The view that large-scale debt-driven infrastructure investment is “worth the buck” is at the center of a Chinese developmental model that is being promoted through the BRI. And it is not without its value as Bretton Woods institutions like IMF and World Bank moved away from large-scale infrastructure building, leaving a gap in the developing world. And China’s engagement with established multilateral financial institutions is in fact less antagonistic than conflict-filled news reports tend to depict. In April 2018, the People’s Bank of China launched a capacity building center in collaboration with the IMF, providing training for leaders and officials from countries involved in the BRI. One of the training courses the Center offers is on managing debt sustainability. According to the People’s Bank’s website, countries responded very positively to the course, in particular those that are already using the LIC-DSF: Bangladesh, Cambodia, Ghana, Ethiopia, Djibouti, Tajikistan, Uzbekistan, Myanmar and Vanuatu.
But like other patches that are offered at the Forum, the MoF’s framework is a voluntary tool. It is not clear how the analysis can be integrated into lending decisions in the future, except for the possibility that a Multilateral Cooperation Center for Development Finance might adopt it.
Environmental governance of the BRI
Another area where the Forum is clearly responding to external pressure is how it handles the BRI’s massive environmental footprint. “Green” elements were given very little attention two years ago at the first BRI Forum.
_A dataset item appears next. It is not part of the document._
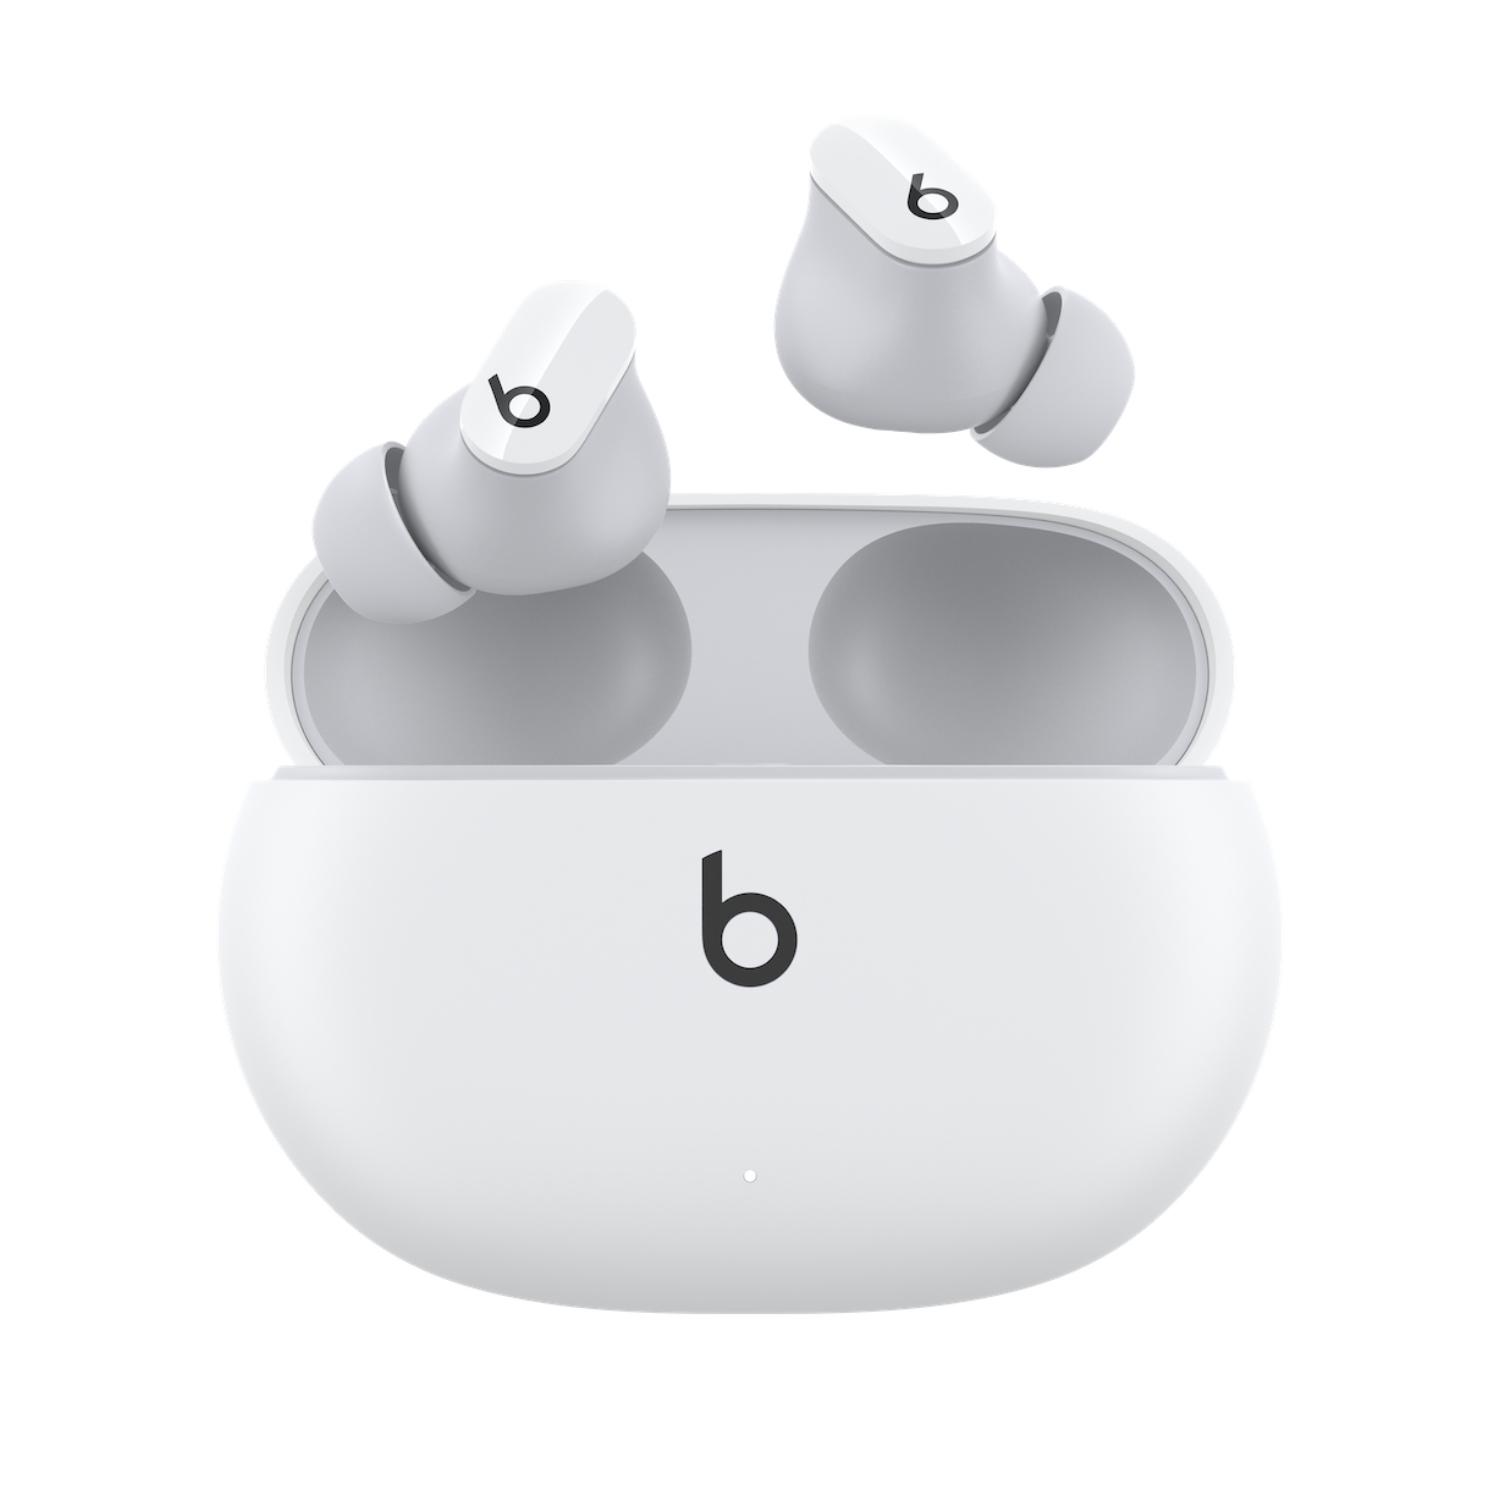 BEATS Studio Buds Wireless Bluetooth Noise-Cancelling Earbuds - White, White
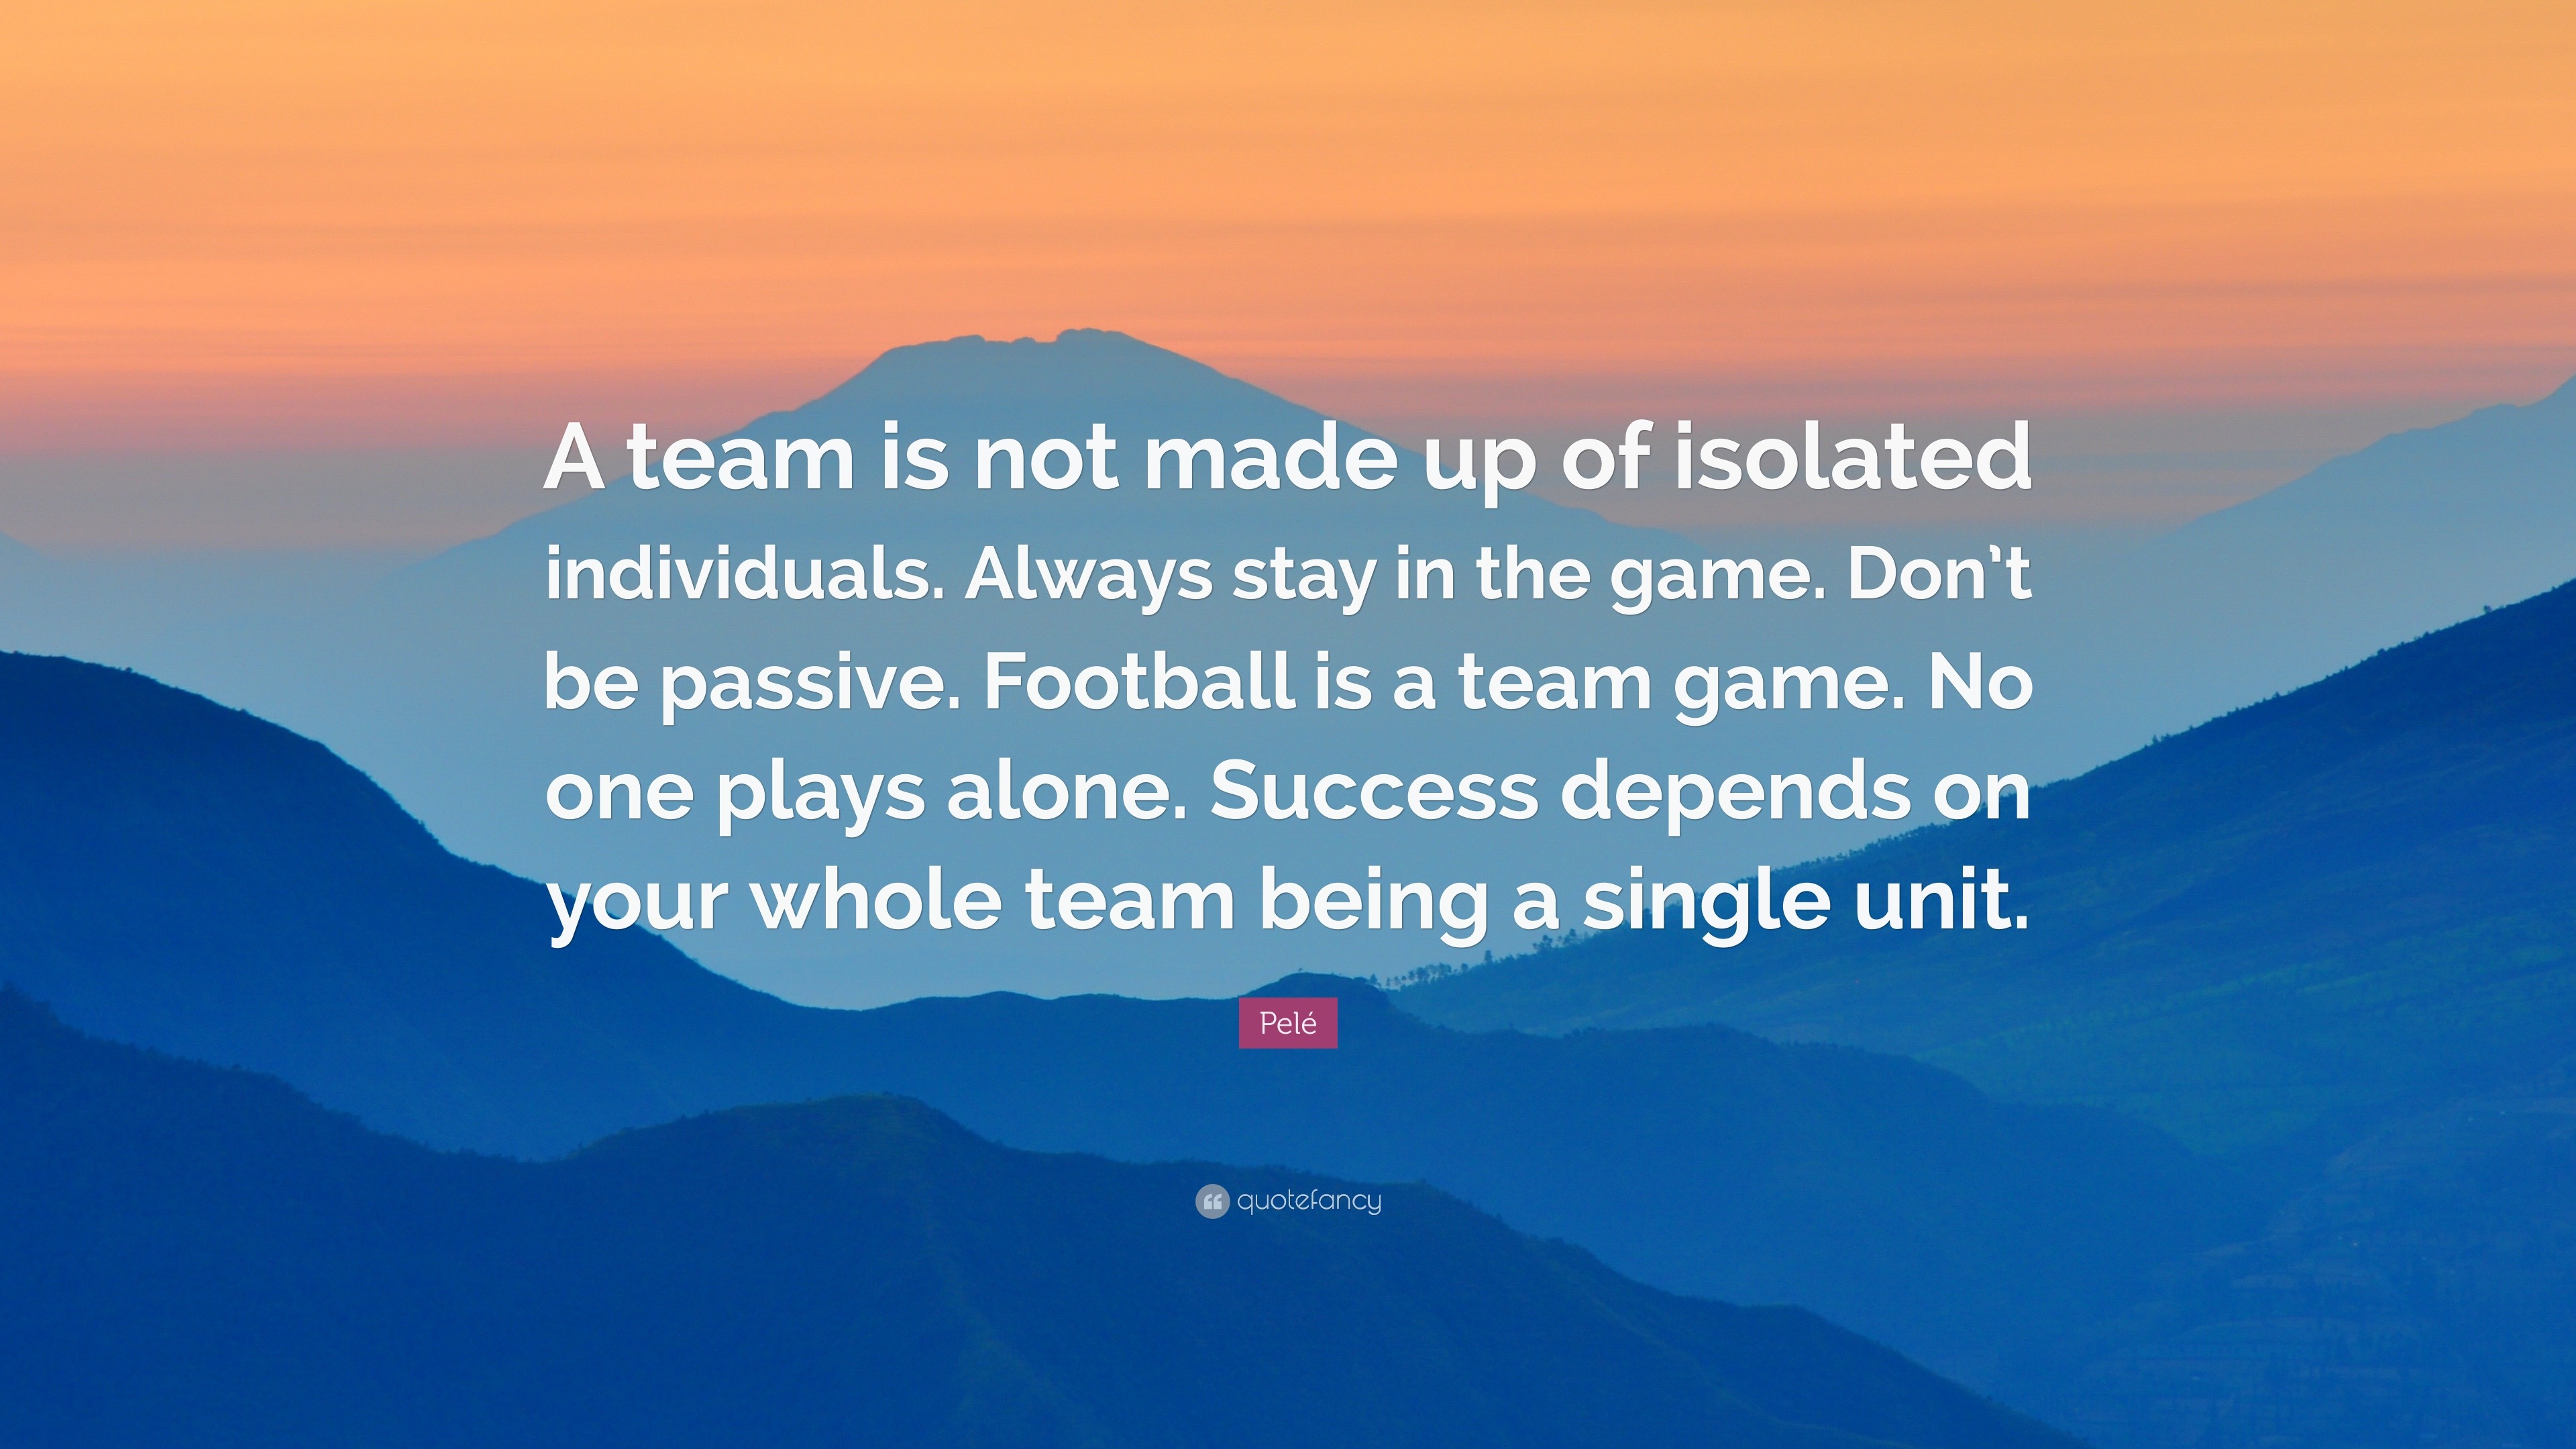 Pelé Quote: “A team is not made up of isolated individuals. Always stay ...

But the situation is noticeably different this time, as “green” elements were reflected in both the leaders’ speeches and the final ‘list of deliverables’. While criticism of China “lacking real will to address the challenge of climate change as it relates to the Belt and Road” still abounds, climate factors are being incorporated into initiatives announced at the Forum, albeit (again) on voluntary basis.
The “Green” updates rolled out this time include the formal launch of the International Coalition for Green Development on the Belt and Road and the signing of the Green Investment Principles.
The controversial Coalition, first conceived by the Chinese Ministry of Ecology and Environment in collaboration with the UN Environment, was one of the green highlights this year. Consisting of 26 countries, 8 international organizations, 65 non-governmental organizations and academic institutions, and 30 businesses (as of Apr 2019), the Coalition is an “open, inclusive and voluntary international network” to ensure that the Belt and Road brings “long-term green and sustainable development” to all concerned countries, according to the UN Environment’s description.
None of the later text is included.